Source data:
==================================================

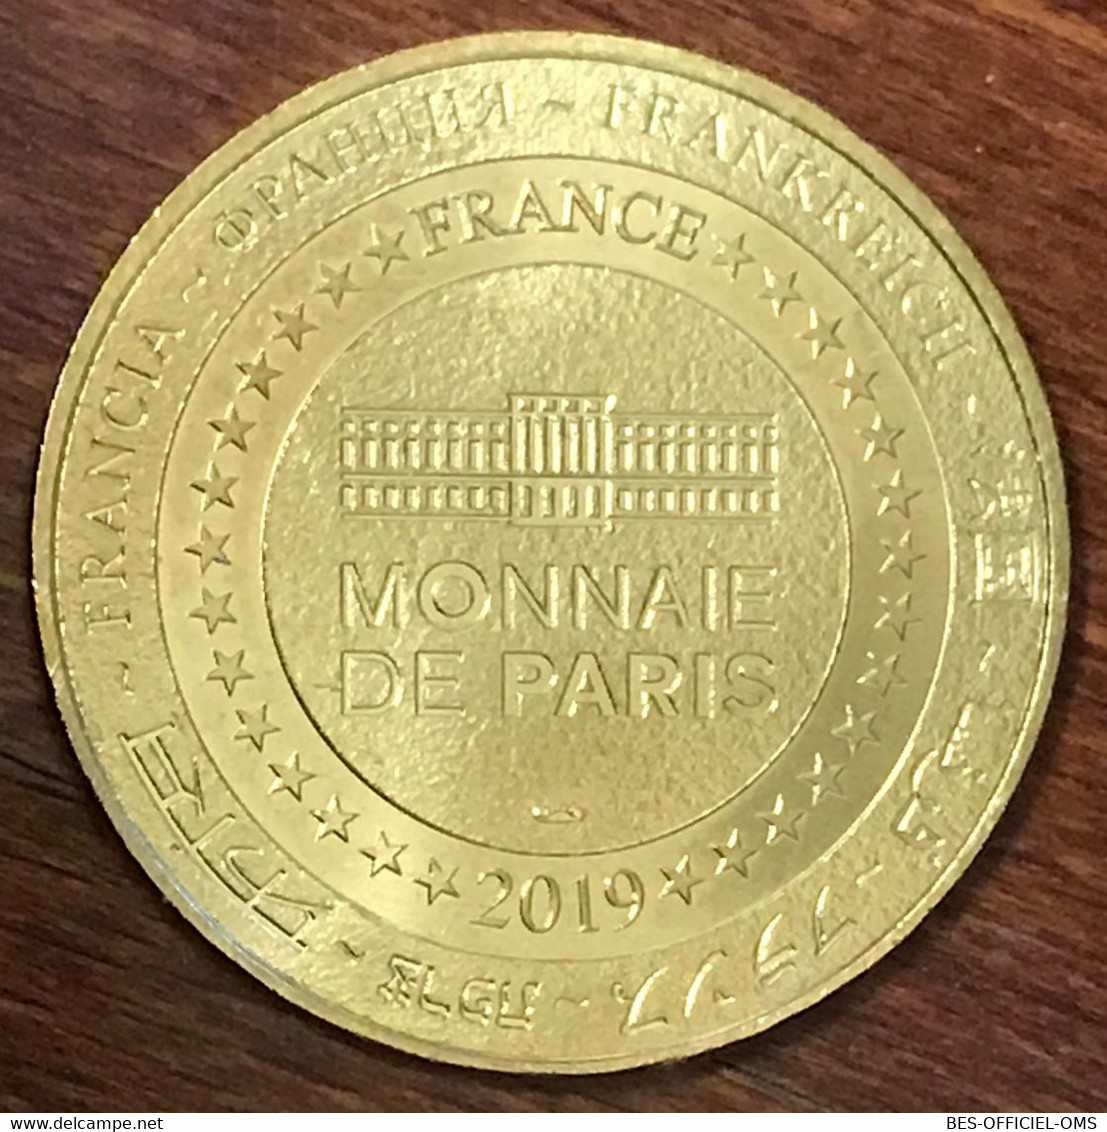 36 CHÂTEAU DE VALENÇAY MDP 2019 MINI MÉDAILLE SOUVENIR MONNAIE DE PARIS JETON TOURISTIQUE TOKENS MEDALS COINS - 2019
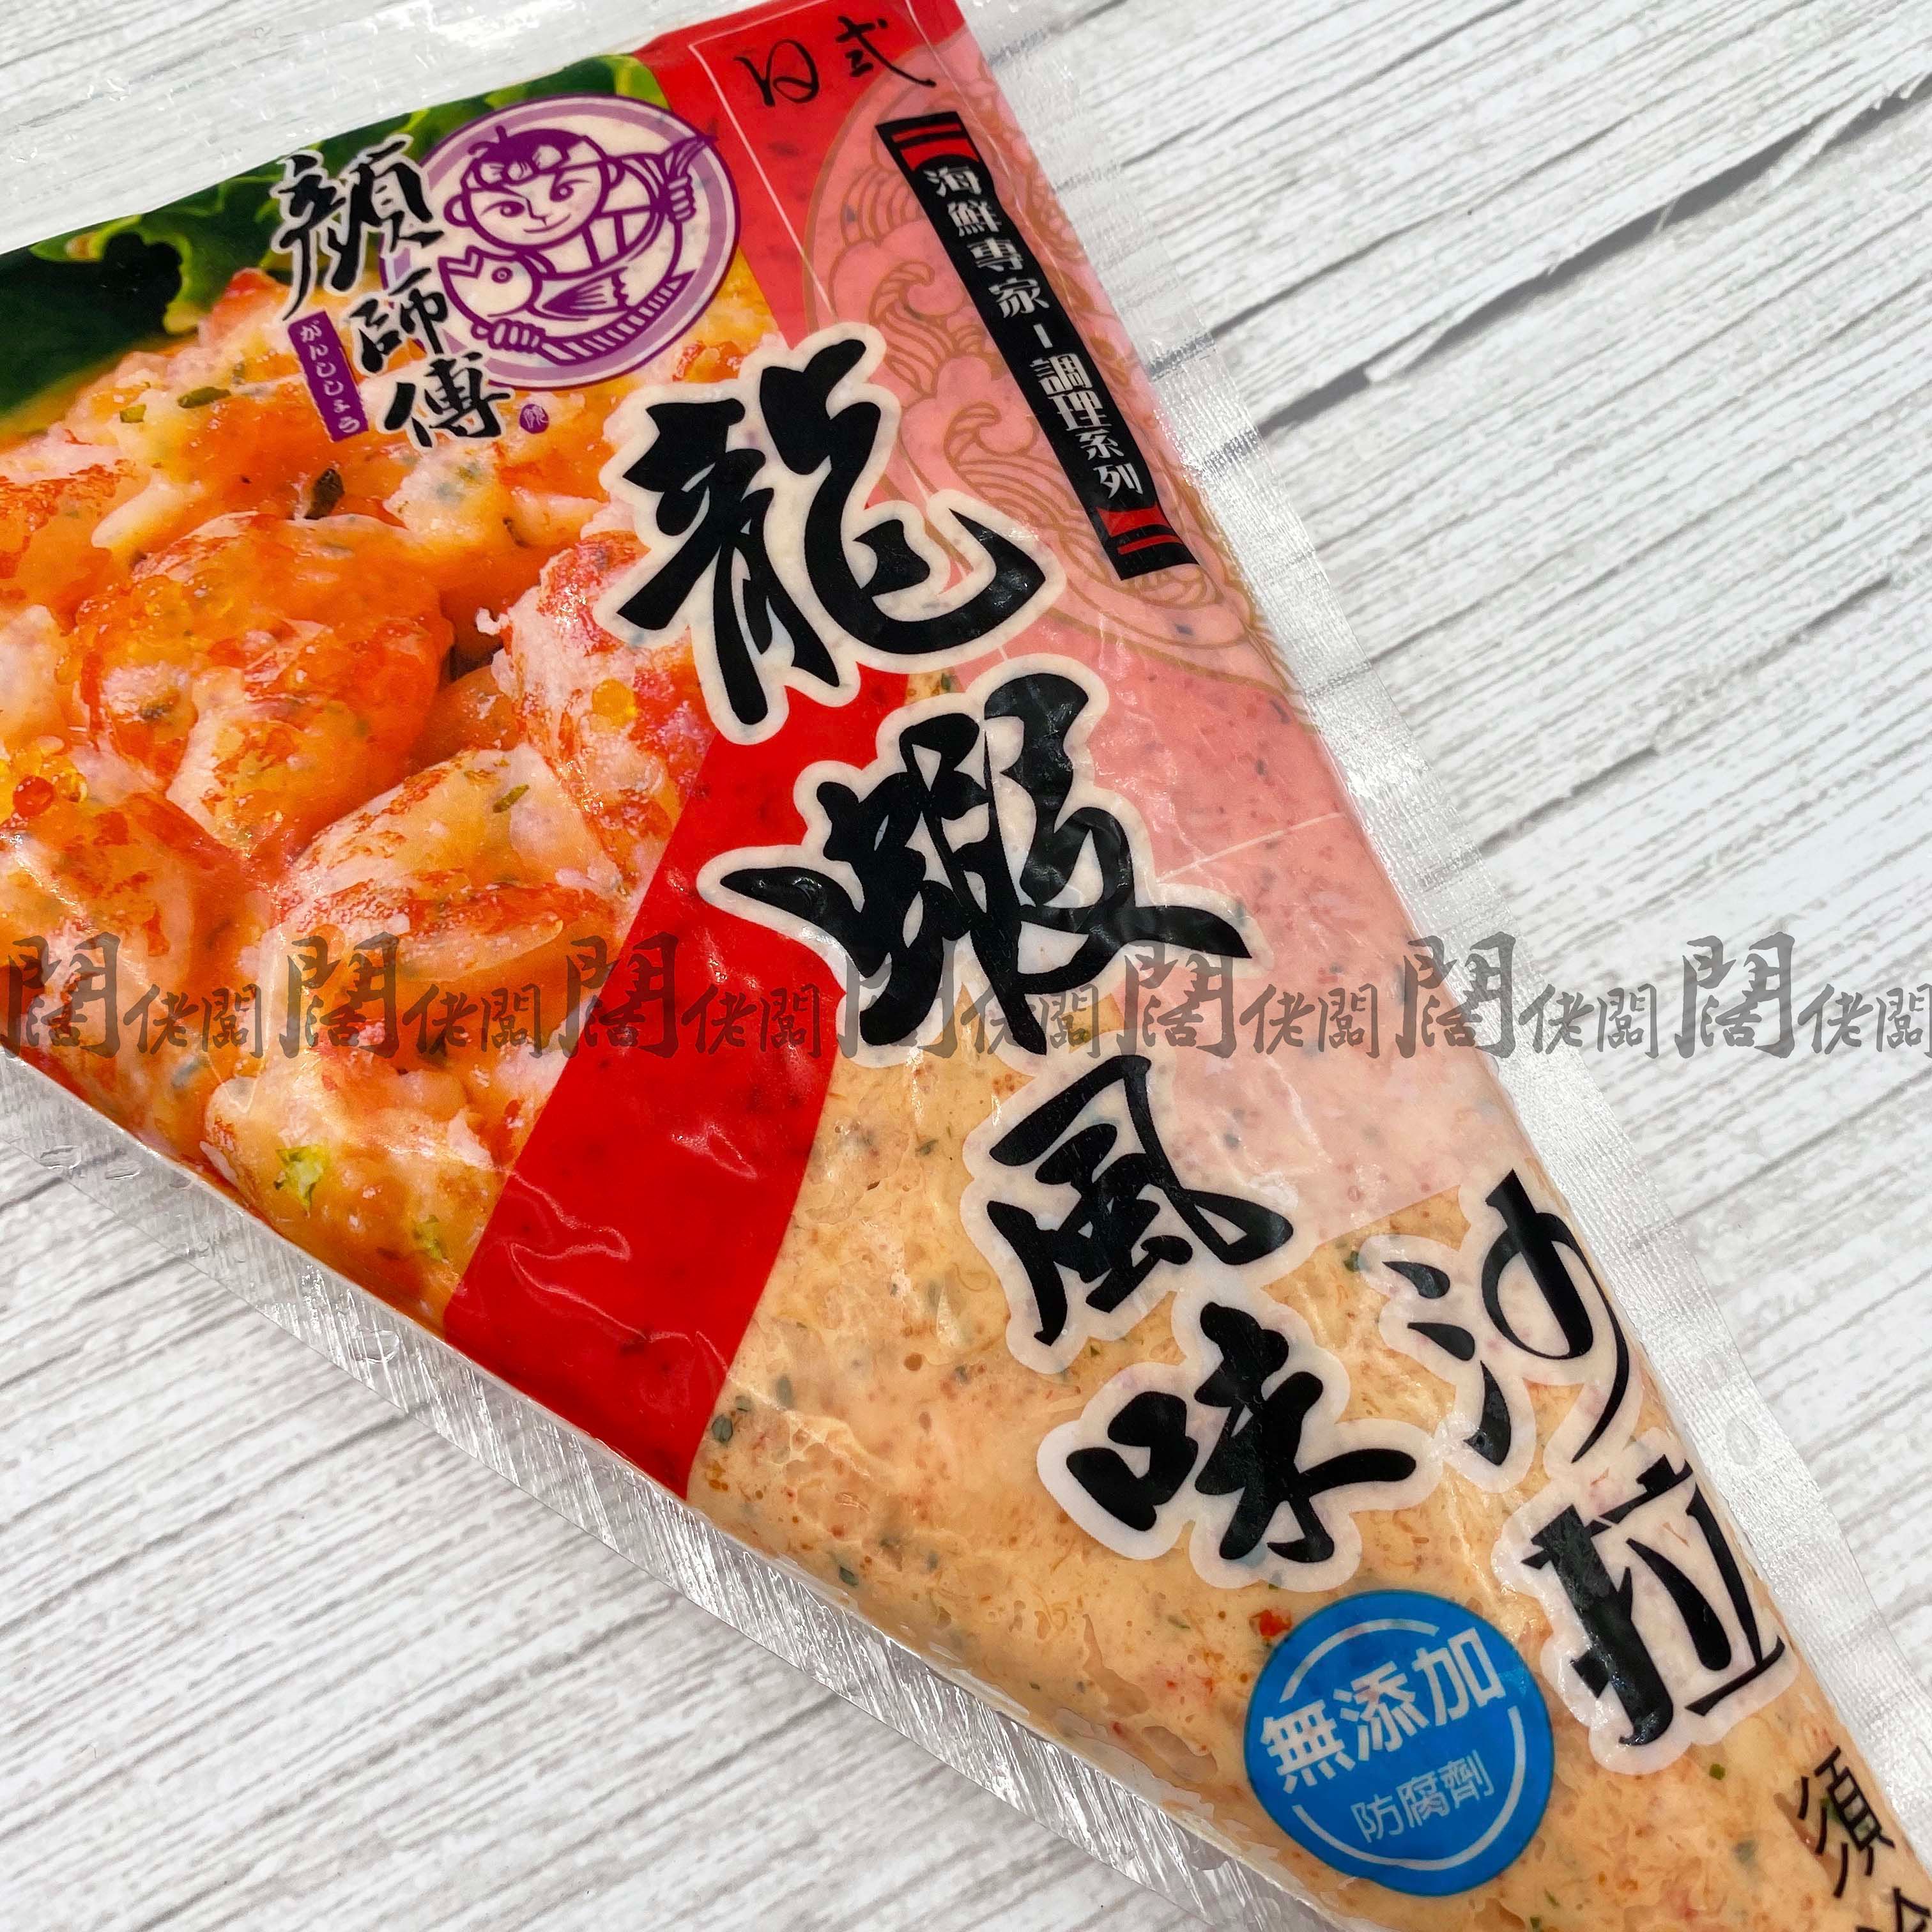 龍蝦沙拉 顏師傅龍蝦沙拉 500g/包
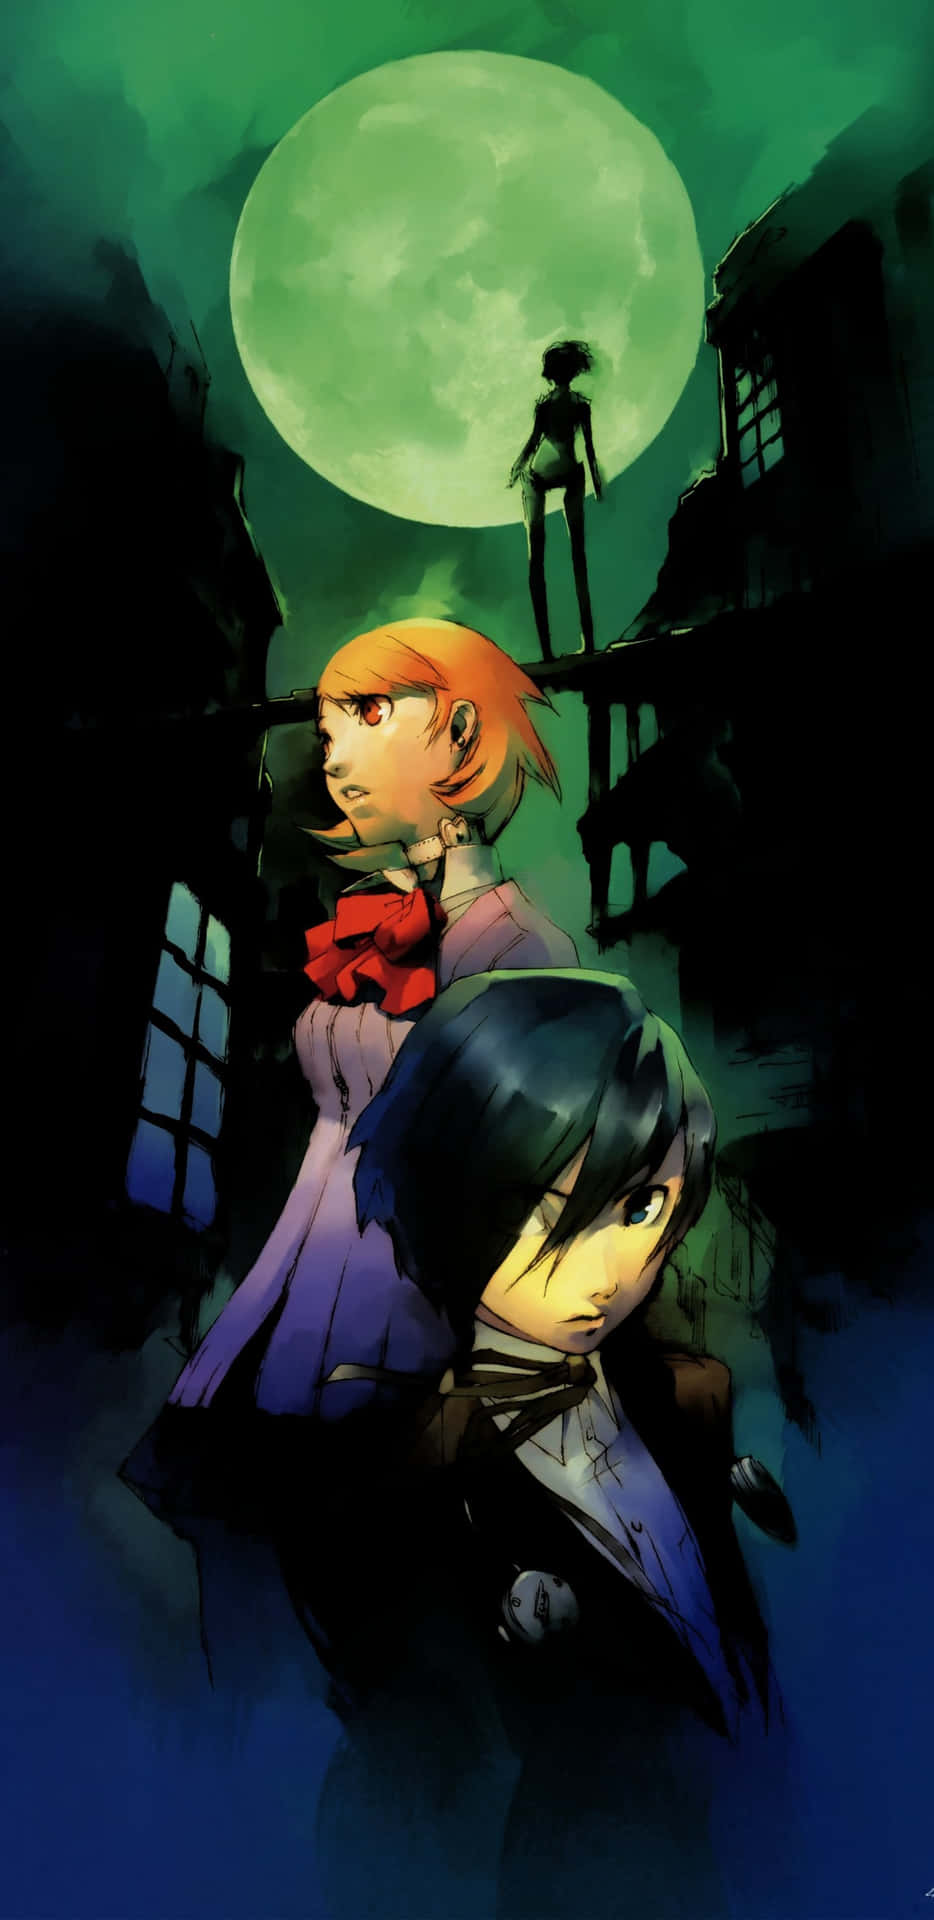 Persona3 Characters Moonlit Backdrop Wallpaper

==================================================

What to work on: Copy nothing but the lines from the line that contains "龍蝦沙拉 顏師傅龍蝦沙拉 500g/包" through the end of the listing, exactly, and keep pictures out of it.

Output for this task:
 龍蝦沙拉 顏師傅龍蝦沙拉 500g/包
 Persona3 Characters Moonlit Backdrop Wallpaper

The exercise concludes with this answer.